GIVEN MATERIAL –
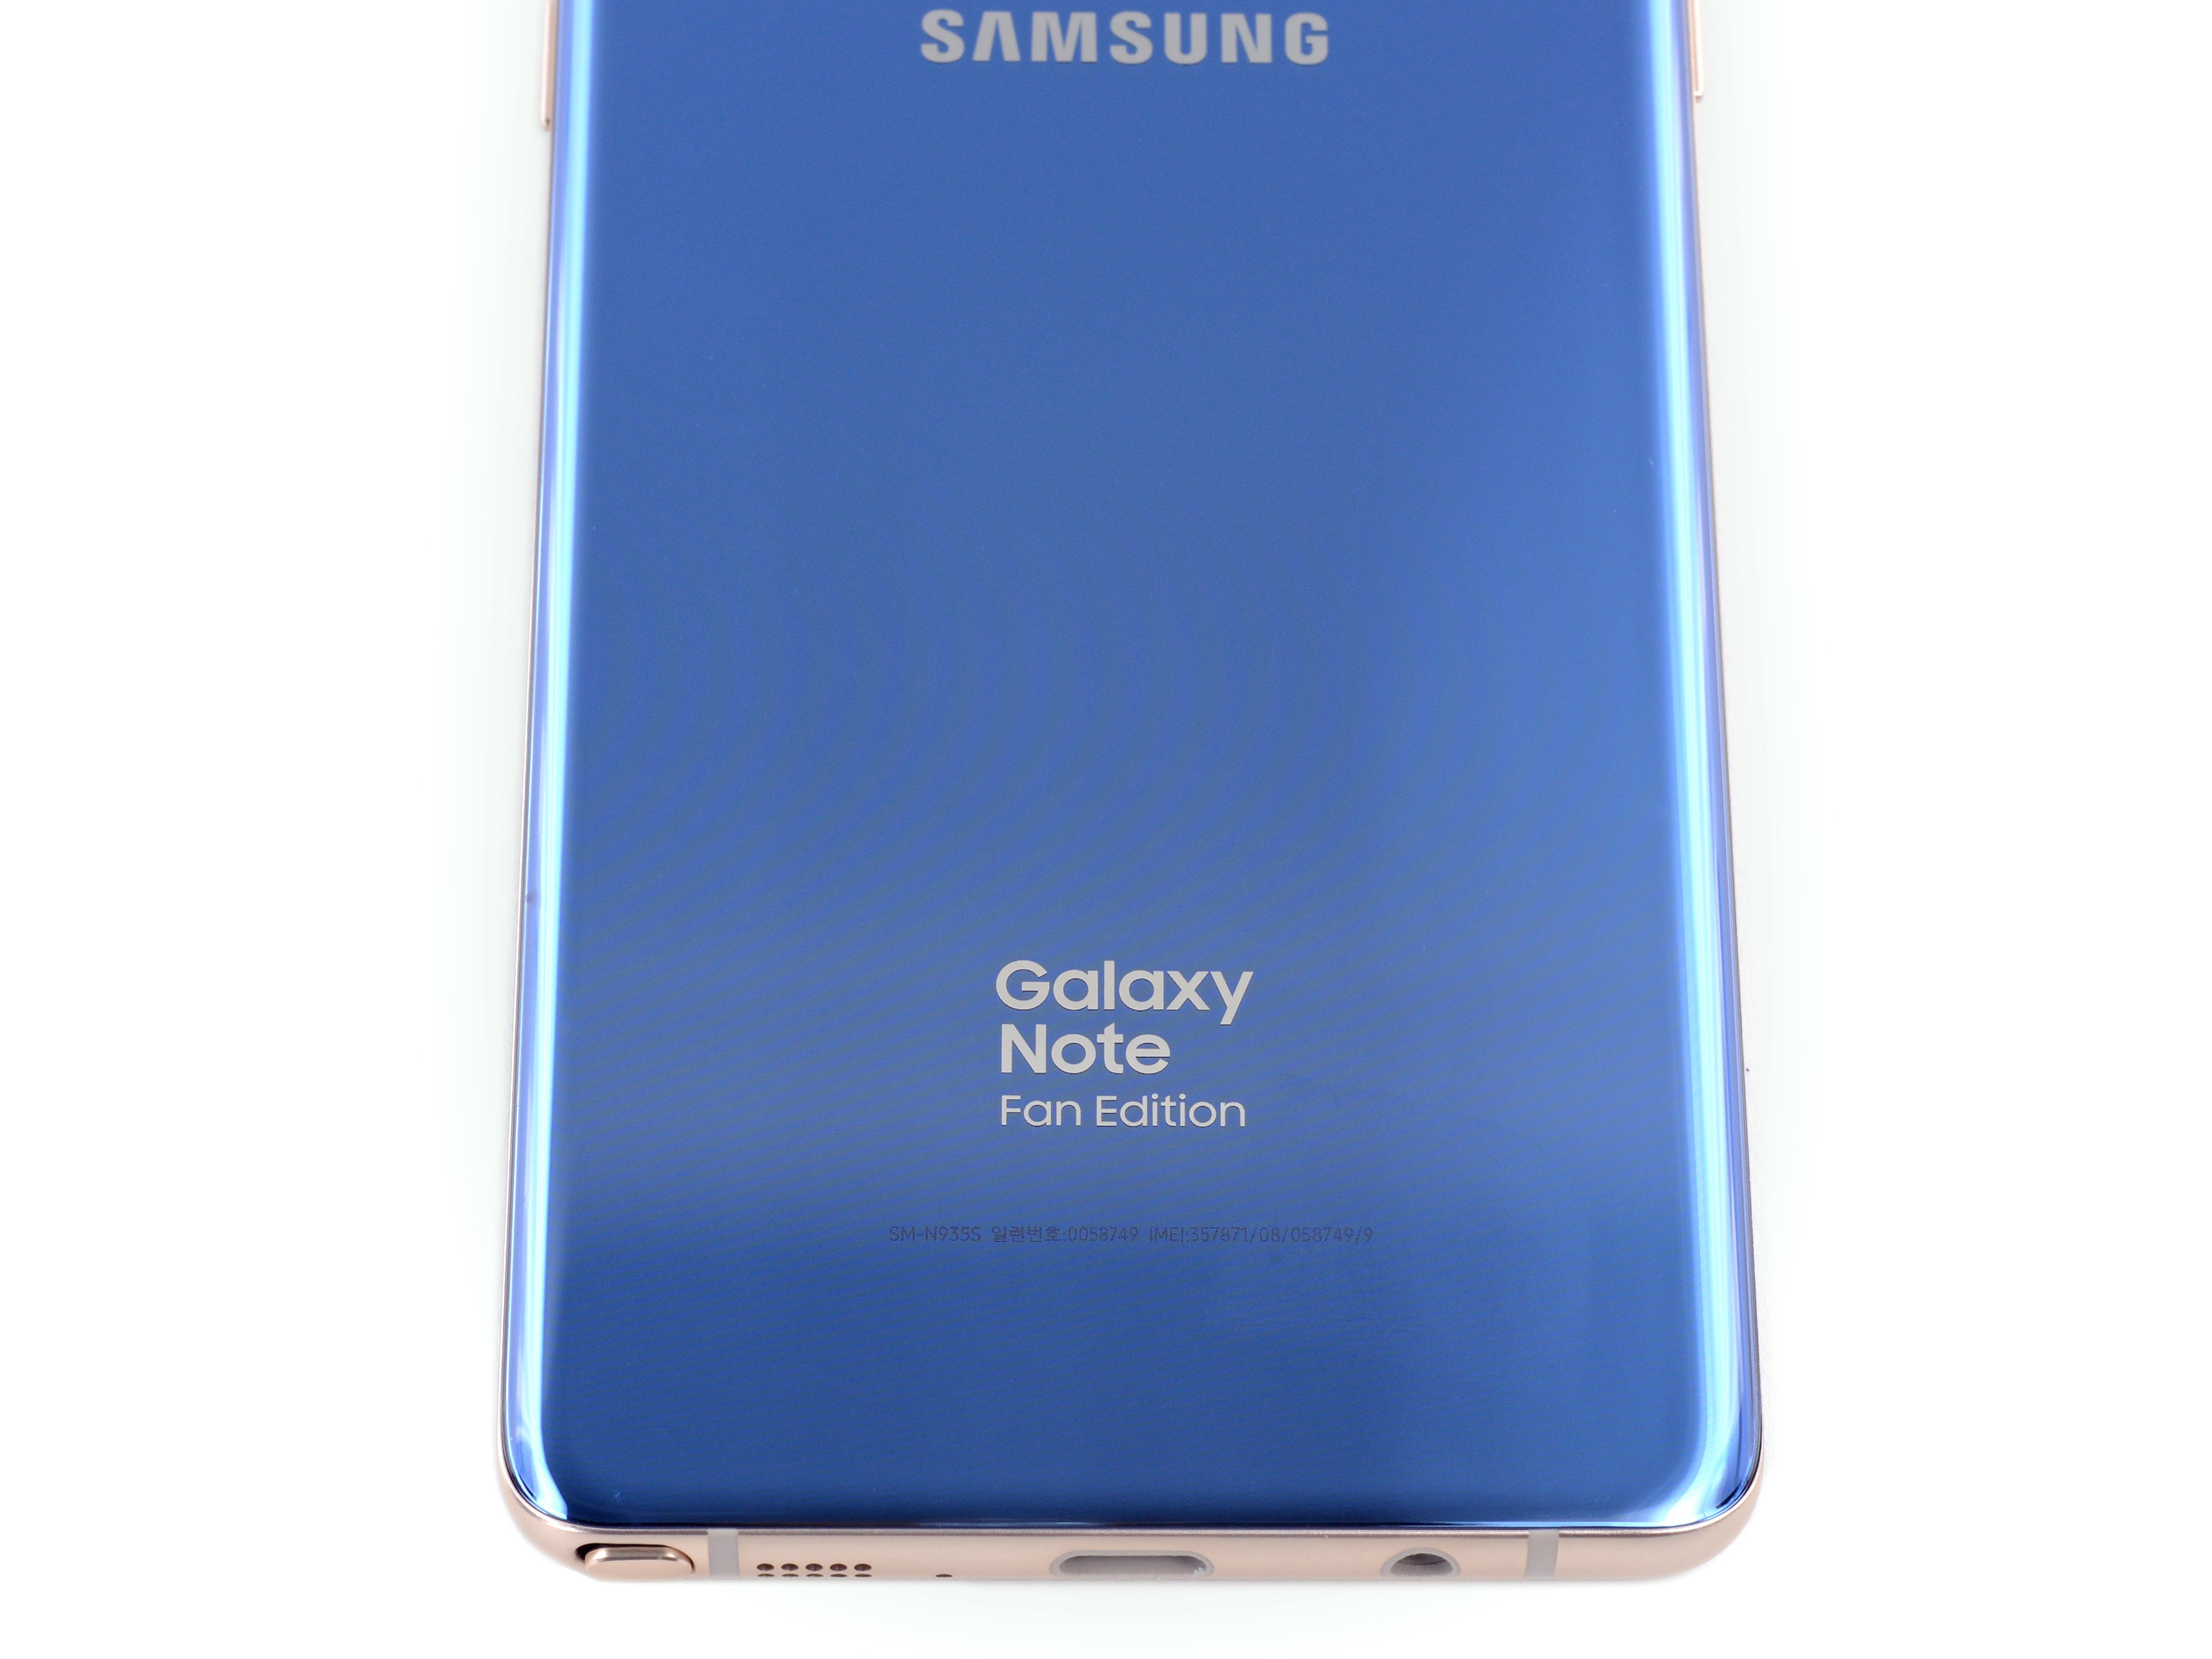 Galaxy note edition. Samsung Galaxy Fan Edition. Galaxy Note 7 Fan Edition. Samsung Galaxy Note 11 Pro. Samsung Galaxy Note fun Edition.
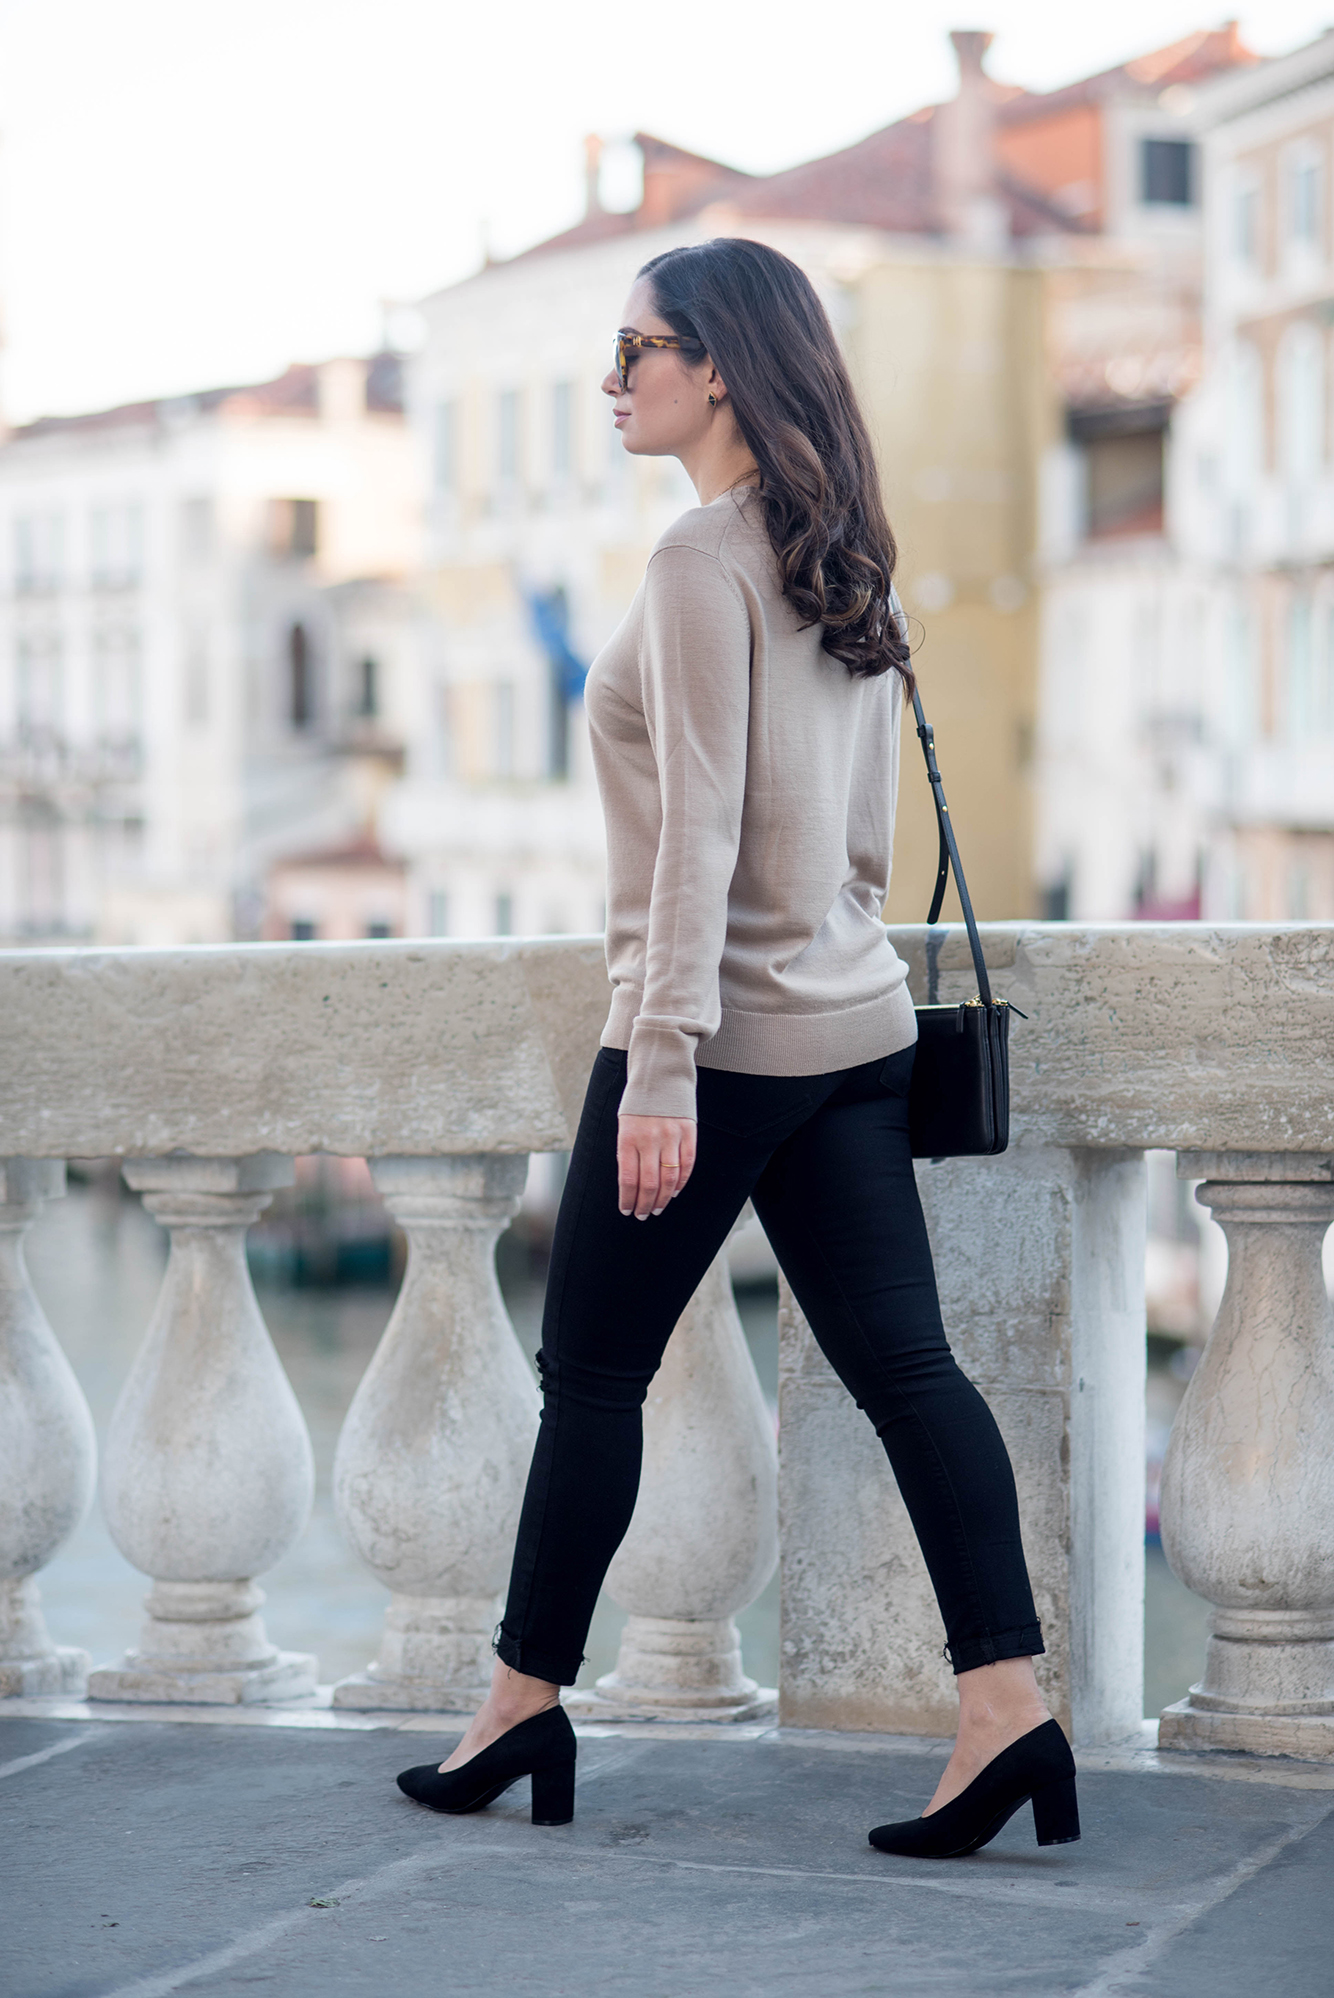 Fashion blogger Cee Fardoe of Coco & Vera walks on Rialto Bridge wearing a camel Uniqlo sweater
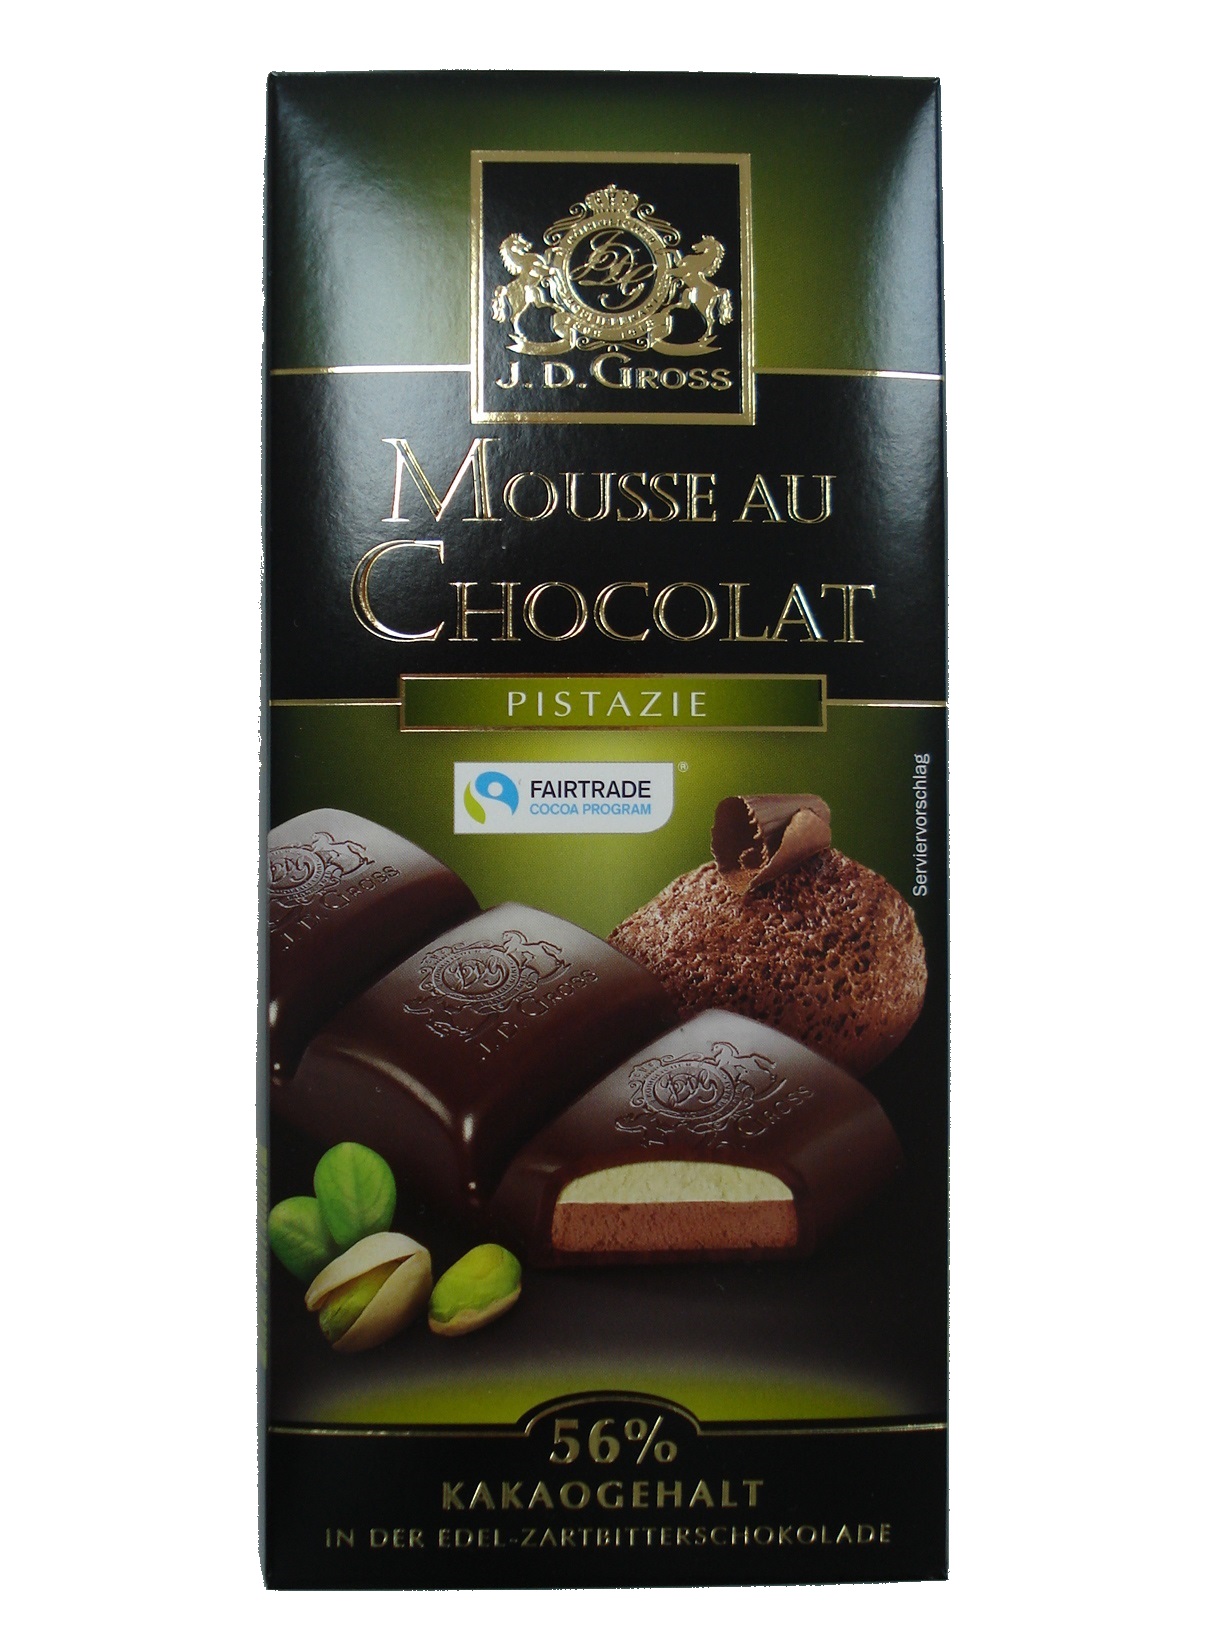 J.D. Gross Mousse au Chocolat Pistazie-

ABOUT THIS EXERCISE –
Copy out the whole listing word for word, except for any picture it includes.

RESULT FOR THIS TASK –
 Galaxy note edition. Samsung Galaxy Fan Edition. Galaxy Note 7 Fan Edition. Samsung Galaxy Note 11 Pro. Samsung Galaxy Note fun Edition.
 Fashion blogger Cee Fardoe of Coco & Vera walks on Rialto Bridge wearing a camel Uniqlo sweater
 J.D. Gross Mousse au Chocolat Pistazie-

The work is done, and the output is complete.